Mean provisioning rate varied significantly among years (F4, 61 = 9.49, P < 0.001), with a minimum in 2014 (119.08 ± 86.73 visits day−1) and a maximum, 2.3 times higher, in 2018 (273.97 ± 88.19 visits day−1, Tukey: F1,61 = 13,09, P < 0.005, Fig. 2b). Provisioning rate did not vary significantly with brood size (F7, 61 = 1.87, P = 0.09).
Prey quality also varied significantly among years (F2,54 = 13.43, P < 0.001), being 31% higher in 2017 (17.97 ± 3.84 J mg−1, Fig. 3) than in 2018 (13.68 ± 3.49 J mg−1, Fig. 3) (Tukey: F1,56 = 26.84, P < 0.001). It did not vary over time within years, however, (Julian date: F1, 58 = 1.68, P = 0.2), nor with nestling age (F2,129 = 2.76, P = 0.07) or brood size (F7, 63 = 1.83, P = 0.09). The amount of prey found in nestling stomachs (dry mass) also varied significantly among years (F2, 55 = 5.33, P < 0.01) and showed an opposite pattern to prey quality (Fig. 3). In 2017, when prey quality was at its highest, stomachs contained the lowest amount of food (5.90 ± 7.70 mg). Inversely, in 2018, when food was at its lowest quality, dry mass of prey was at its highest, with parents bringing 2.1 times more food to their nestlings than in 2017 (12.40 ± 12.32 mg, Tukey: F1,57 = 10.63, P < 0.005, Fig. 3). Dry mass of stomach contents did not vary over time within years (Julian date: F1,59 = 6.00e−04, P = 0.9) but changed with the age of nestlings (F2, 131 = 12.44, P < 0.001), being 110% higher on days 10 and 12 (mean 12.56 ± 11.33 mg per brood, no significant difference, Tukey : F1,125 = 0.64, P = 0.7) compared to day 8 (5.99 ± 5.98 mg, Tukey: F1,146 = 20.84, P < 0.001). Not surprisingly, as our samples pooled stomach contents from all nestlings in a brood, brood size also affected dry mass of stomach contents (F 7,66 = 2.30, P < 0.05). Stomachs in broods of 3 contained an average of 5.67 ± 10.93 mg dry mass of food compared to 10.44 ± 9.18 mg in a brood of 5. However, this effect remained statistically weak, since a post-hoc Tukey test could not detect any significant differences among means (Tukey: F1,57 = 2.49, P = 0.7).

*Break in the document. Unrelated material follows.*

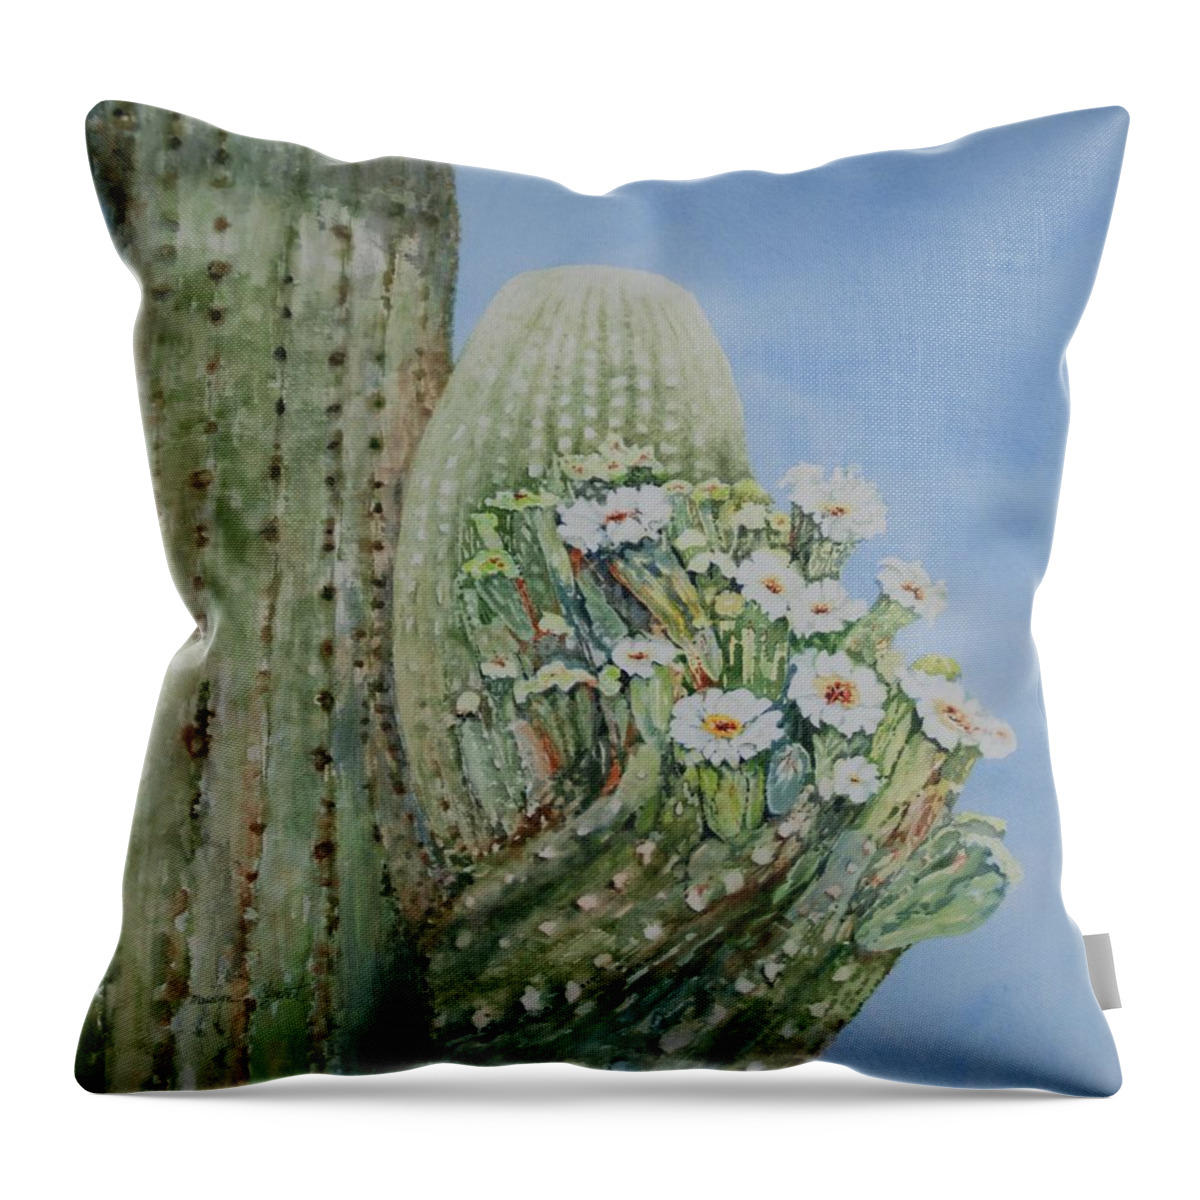 Cactus Throw Pillow featuring the painting Saguaro Cactus in Bloom by Marilyn Clement

Inter-relation between growth rate, provisioning rate and prey quality across years
Nestling growth rate was not significantly related to provisioning rate (F1, 63 = 2.48, P = 0.1, Fig. 4a, brood size: F7,61 = 3.02, P < 0.01), or to prey quality (F1, 24 = 0.03, P = 0.9, brood size: F6, 49 = 8.37, P < 0.001) across years. However, provisioning rate varied negatively with the quality of food found in nestling stomachs (F1, 34 = 15.80, P < 0.001, Fig. 4b, brood size: F5, 34 = 0.69, P < 0.001). Similarly, nestlings had more food in their stomachs when prey quality was low (F1, 50 = 27.08, P < 0.001, Fig. 4c, brood size: F6, 50 = 1.36 , P = 0.2).
Discussion
In this study, we monitored breeding and the provisioning behavior of black-capped and boreal chickadees over a period spanning 8 years. We found no support for an influence of provisioning rate, measured as the number of daily visits by breeding pairs, on nestling growth rate. We also found that the mean daily growth rate was consistent across years, suggesting that growth is maintained despite marked variation in prey quality among years. However, the provisioning rate did differ across years, being twice as high in 2018, a low prey quality year, as in 2017 when prey quality was high, suggesting that adults adjust foraging and provisioning efforts to prey quality. Indeed, variation in provisioning rate and the amount of food provided to nestlings correlated negatively with prey quality across years, and this most likely explained the lack of a relationship between offspring growth rate and parental provisioning rate.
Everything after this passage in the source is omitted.